Ни для кого не было секретом, что де Соуза совершил почти все возможные преступления в Африке, начиная от торговли рабами, незаконного ввоза оружия, нелегальной скупки алмазов, заканчивая другими, менее заметными проступками, которые тесно связаны с районом святого Жака Марсельского. Но он всегда оставался очень изворотливым. Его ни разу не смогли поймать, хотя и было предпринято довольно много попыток и уловок. А награда за любую информацию, нужную для поимки де Соуза, предложенная сэром Чарльзом Лейном-Фоксом, губернатором колонии, из своего личного состояния, уже около пяти лет оставалась невостребованной.

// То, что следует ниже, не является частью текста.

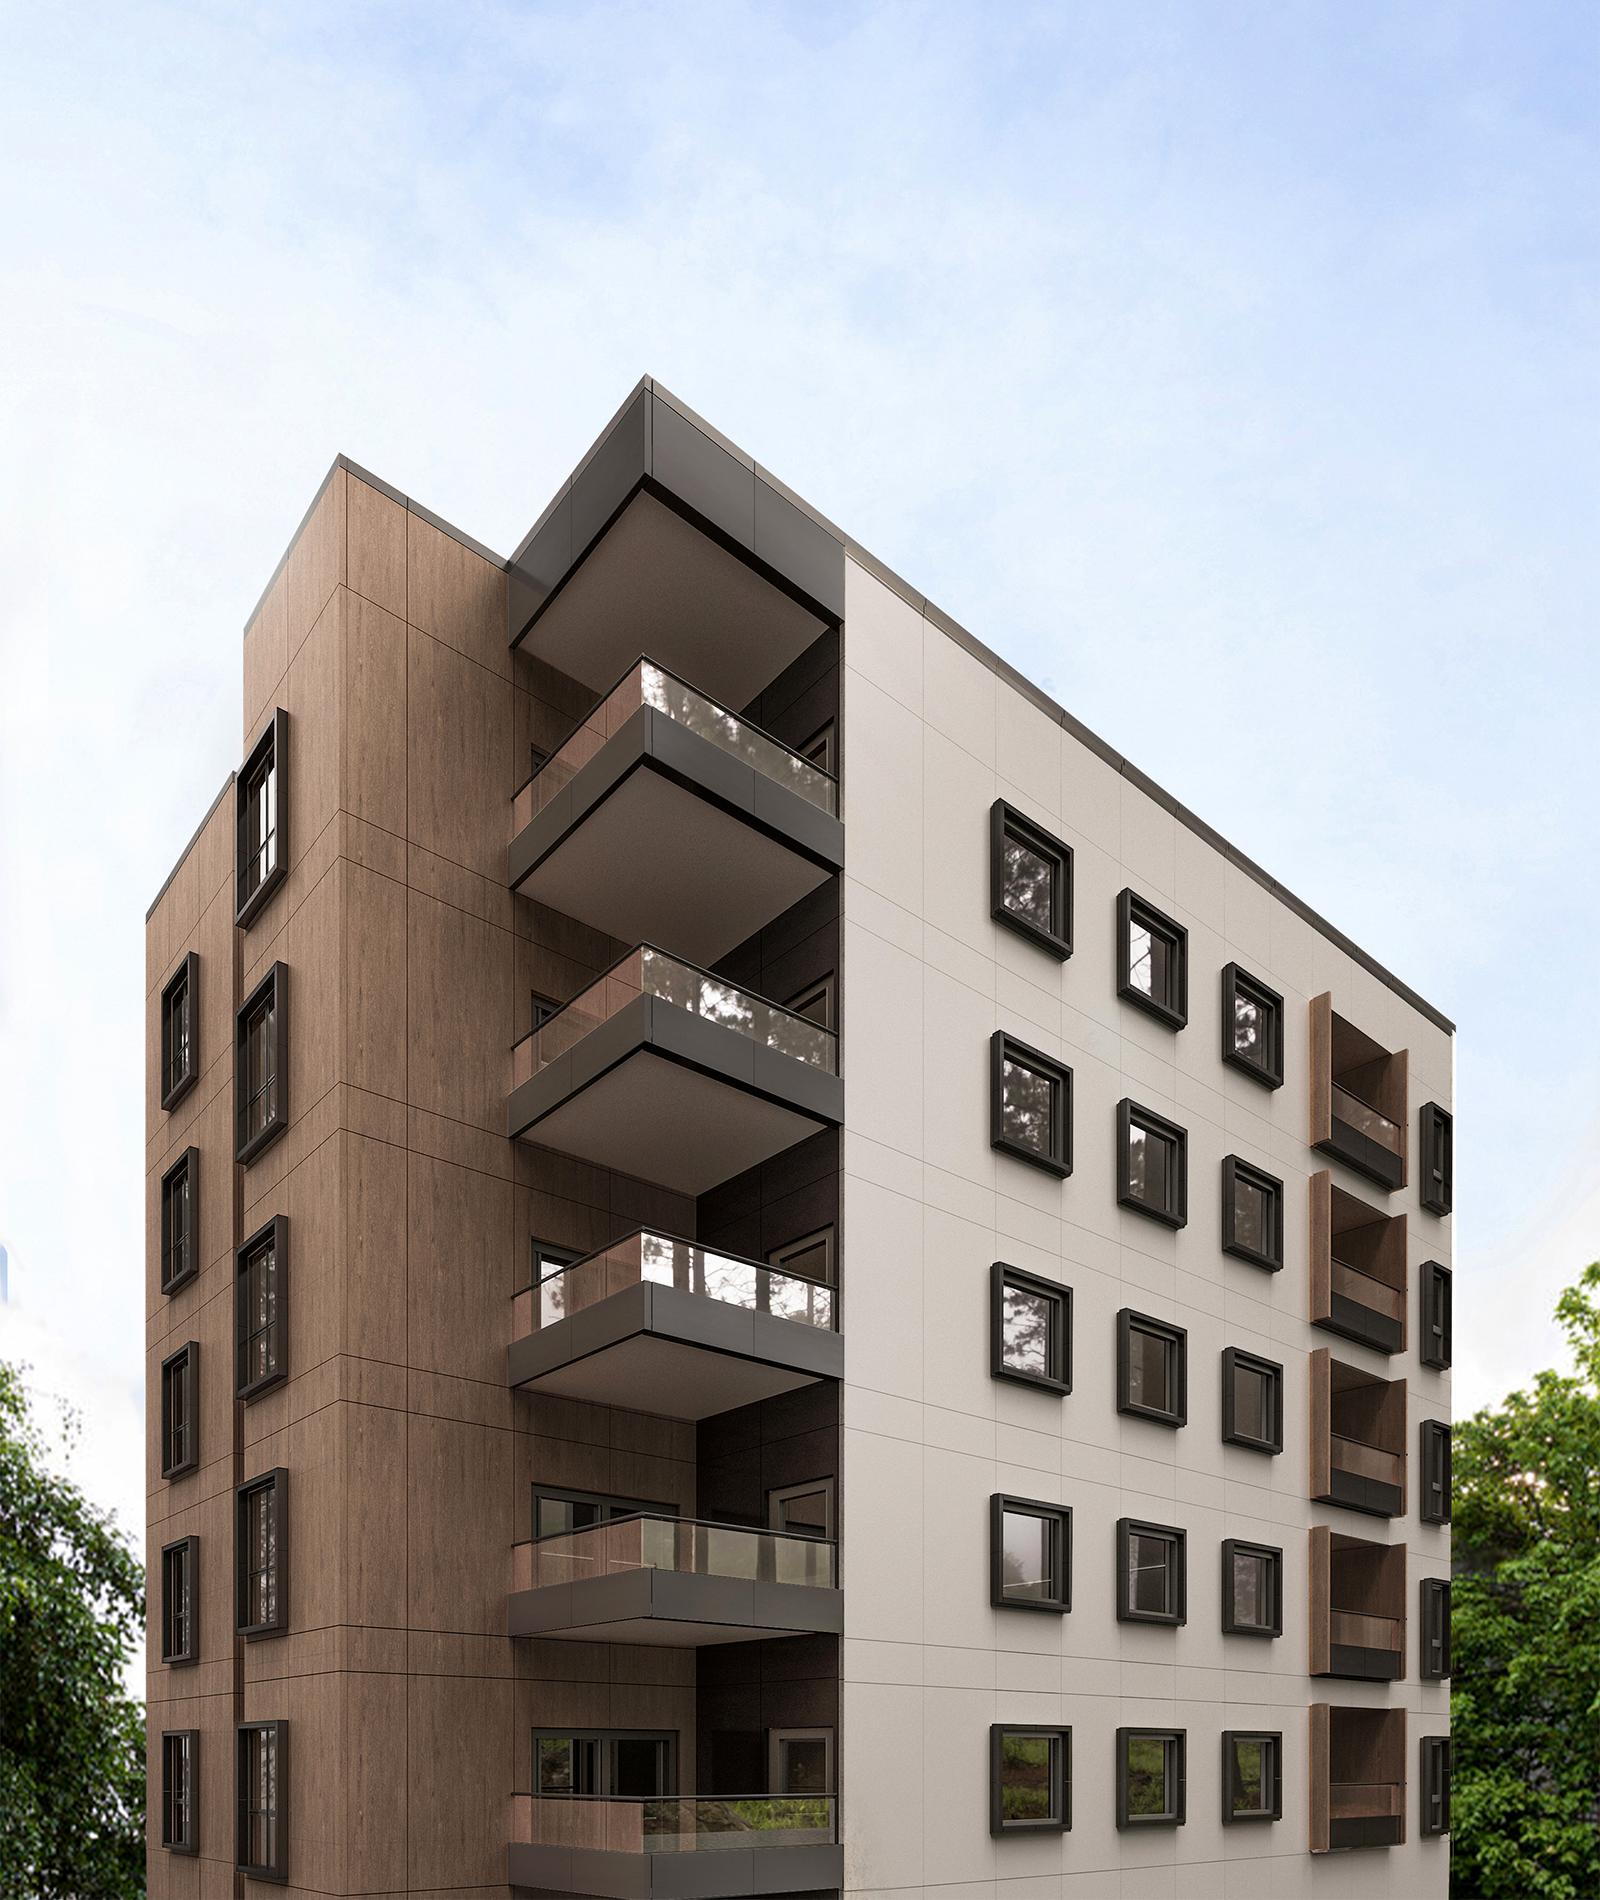 edificio-STB-W07-slate-concrete

Стояла непроницаемо-черная ночь. Кислый, лихорадочный запах повис в воздухе, плотно покрывая весь мир, стены и крыши домов. И никто, ни одна живая душа не увидела завернутую в покрывало бородатую фигуру, которая прокралась из джунглей. Никто не видел, как он вошел в заднюю залу Гранд-отеля, даже не слышал, как он покупал еду, питье и опиум. Молчал и де Соуза, который вытащил пару крупных алмазов из леопардового мешочка. Никто его не заметил, кроме М’Кинди.
Это был высохший, татуированный, плосколицый житель Балоло, изгой из своего племени, который оказался здесь по явно неприятным причинам, причинам, о которых еще не написан ни один рассказ, по тем причинам, по которым араб нанял его в качестве шпиона, чтобы собирать скрытую информацию.

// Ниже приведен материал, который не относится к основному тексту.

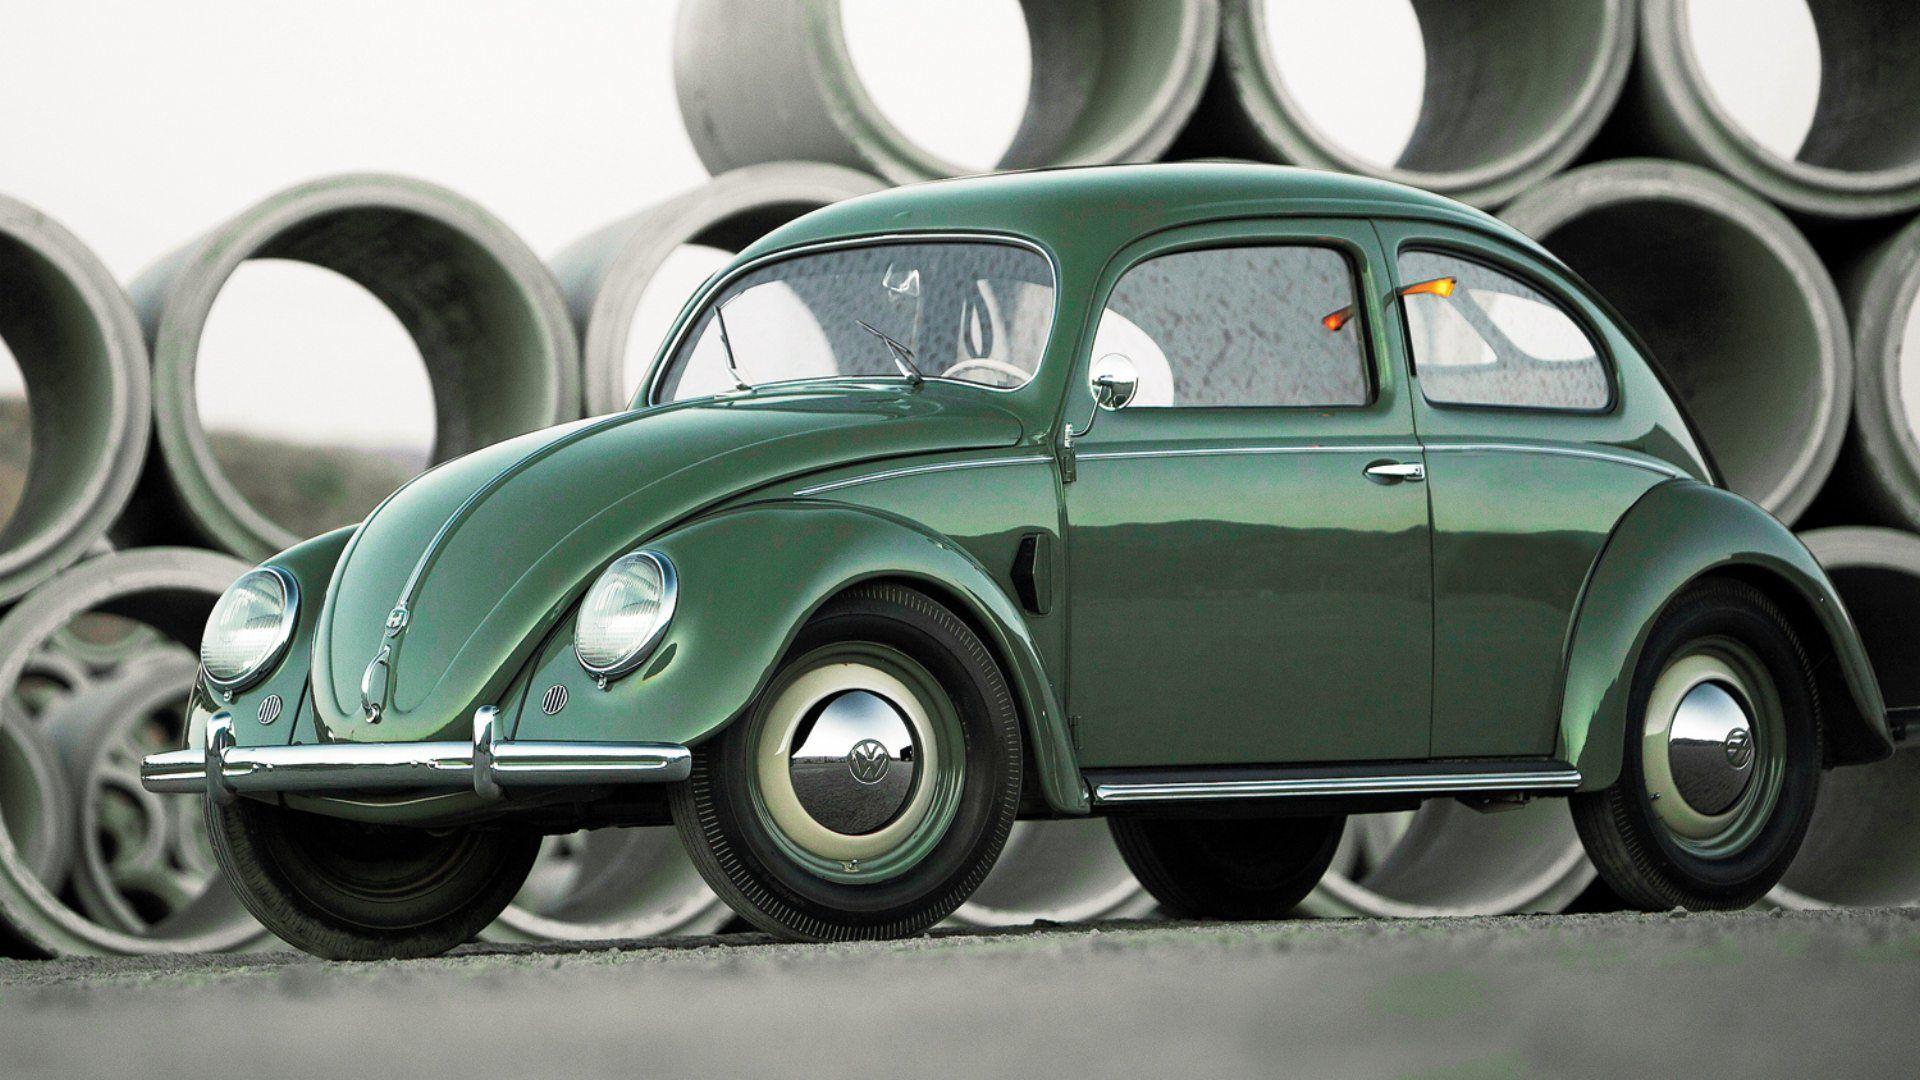 Classic Vw Beetle Volkswagen Beetle Classic Hd Wallpapers

Три минуты спустя после того, как человек из джунглей вошел в отель, М’Кинди низко поклонился в гостиной, вытянув руки, перед Махмудом Али Даудом, что было довольно типично для араба, словно и не покидавшего свой родной Дамаск. Под ногами мужчин был блестящий, мозаичный, мраморный пол, на котором лежали маленькие, шелковые, мягкие персидские ковры. В углу стояли высокие подсвечники из дерева с позолотой, в них торчали большие свечи шафранно-желтого, пахнущего воска. Панель из плиток на стенах мягко светилась перламутрово-синим, нефритовым и тусклым оранжевым светом. Крошечные окна были закрыты шторами. В комнате почти не имелось никакой мебели, кроме мастабы, длинной, низкой, покрытой коврами и подушками скамьи, древней мавританской лепнины, огромной, усеянной бирюзой водопроводной трубы и резного, инкрустированного стола из пальмового дерева, на котором лежали личные вещи араба: бутылка святой замзамской воды, кофейные чашки с выгравированными медными ручками, бутылочки с ароматическими маслами, пара случайных книг, небольшой карманный Коран, кусок мягкой бухарской кожи и прекрасная черно-золотая ткань для тюрбана, свернутая как змея.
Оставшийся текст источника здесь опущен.